Average Error: 0.5 → 0.3
Time: 3.8m
Precision: 64
\[x1 + \left(\left(\left(\left(\left(\left(\left(2 \cdot x1\right) \cdot \frac{\left(\left(3 \cdot x1\right) \cdot x1 + 2 \cdot x2\right) - x1}{x1 \cdot x1 + 1}\right) \cdot \left(\frac{\left(\left(3 \cdot x1\right) \cdot x1 + 2 \cdot x2\right) - x1}{x1 \cdot x1 + 1} - 3\right) + \left(x1 \cdot x1\right) \cdot \left(4 \cdot \frac{\left(\left(3 \cdot x1\right) \cdot x1 + 2 \cdot x2\right) - x1}{x1 \cdot x1 + 1} - 6\right)\right) \cdot \left(x1 \cdot x1 + 1\right) + \left(\left(3 \cdot x1\right) \cdot x1\right) \cdot \frac{\left(\left(3 \cdot x1\right) \cdot x1 + 2 \cdot x2\right) - x1}{x1 \cdot x1 + 1}\right) + \left(x1 \cdot x1\right) \cdot x1\right) + x1\right) + 3 \cdot \frac{\left(\left(3 \cdot x1\right) \cdot x1 - 2 \cdot x2\right) - x1}{x1 \cdot x1 + 1}\right)\]
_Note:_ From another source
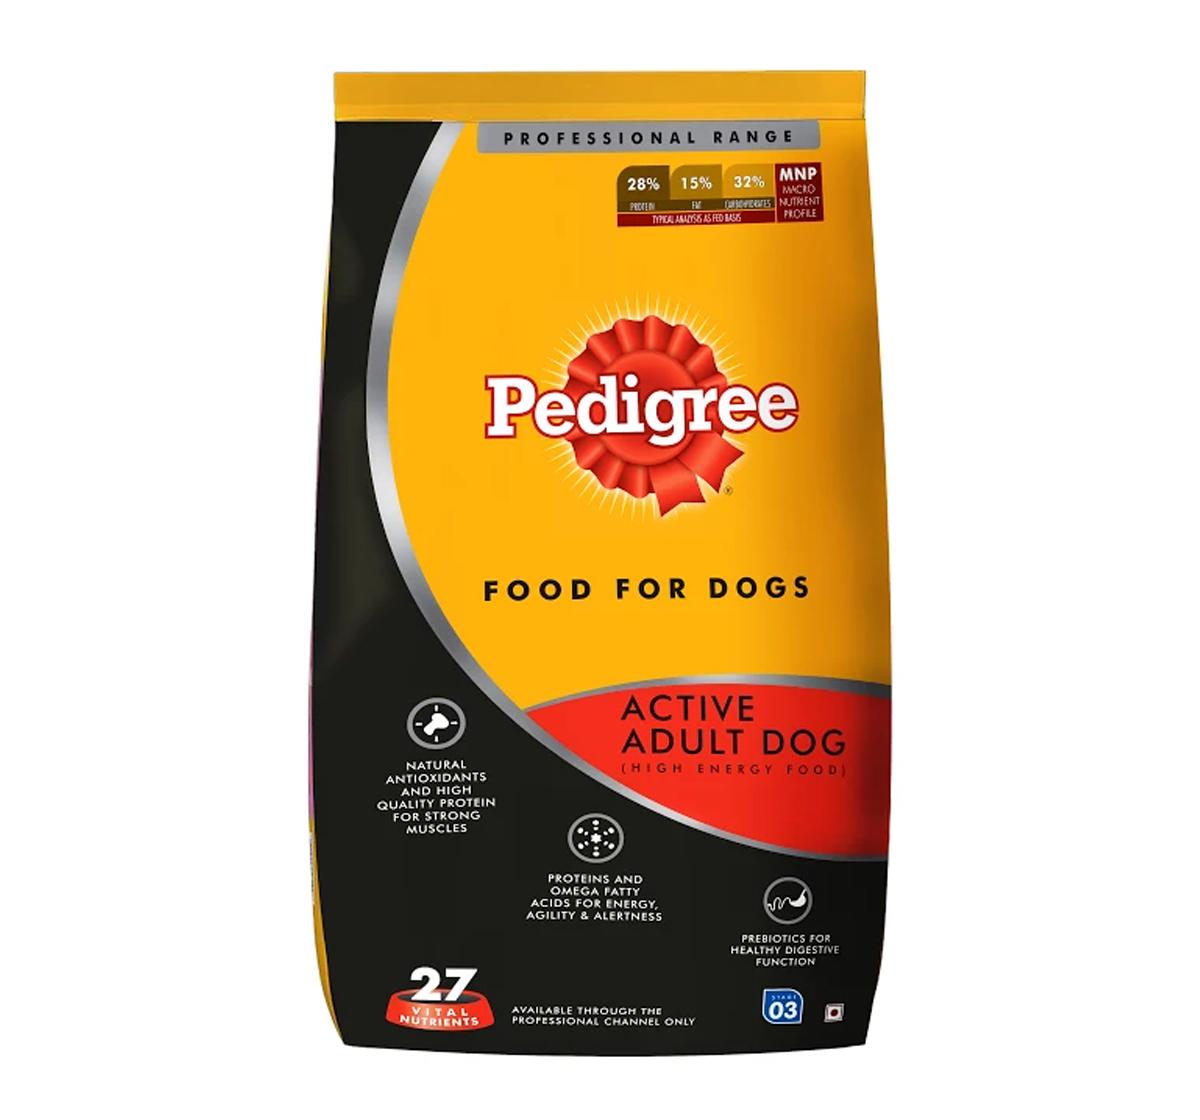 Pedigree dog food online shopping

\[x1 + (3 \cdot \left(\frac{x1 \cdot \left(x1 \cdot 3\right) - (2 \cdot x2 + x1)_*}{(x1 \cdot x1 + 1)_*}\right) + \left(x1 + (x1 \cdot \left(x1 \cdot x1\right) + \left((\left(\frac{(x2 \cdot 2 + \left(x1 \cdot \left(x1 \cdot 3\right)\right))_* - x1}{(x1 \cdot x1 + 1)_*}\right) \cdot \left(x1 \cdot \left(x1 \cdot 3\right)\right) + \left((\left((\left(\frac{(x2 \cdot 2 + \left(x1 \cdot \left(x1 \cdot 3\right)\right))_* - x1}{(x1 \cdot x1 + 1)_*}\right) \cdot 4 + -6)_*\right) \cdot \left(x1 \cdot x1\right) + \left(\frac{\left(\left(2 \cdot x1\right) \cdot \left((x2 \cdot 2 + \left(x1 \cdot \left(x1 \cdot 3\right)\right))_* - x1\right)\right) \cdot (\left(\frac{1}{\sqrt{(x1 \cdot x1 + 1)_*}}\right) \cdot \left(\frac{(x2 \cdot 2 + \left(x1 \cdot \left(x1 \cdot 3\right)\right))_* - x1}{\sqrt{(x1 \cdot x1 + 1)_*}}\right) + -3)_*}{(x1 \cdot x1 + 1)_*}\right))_* \cdot (x1 \cdot x1 + 1)_*\right))_*\right))_*\right))_*\]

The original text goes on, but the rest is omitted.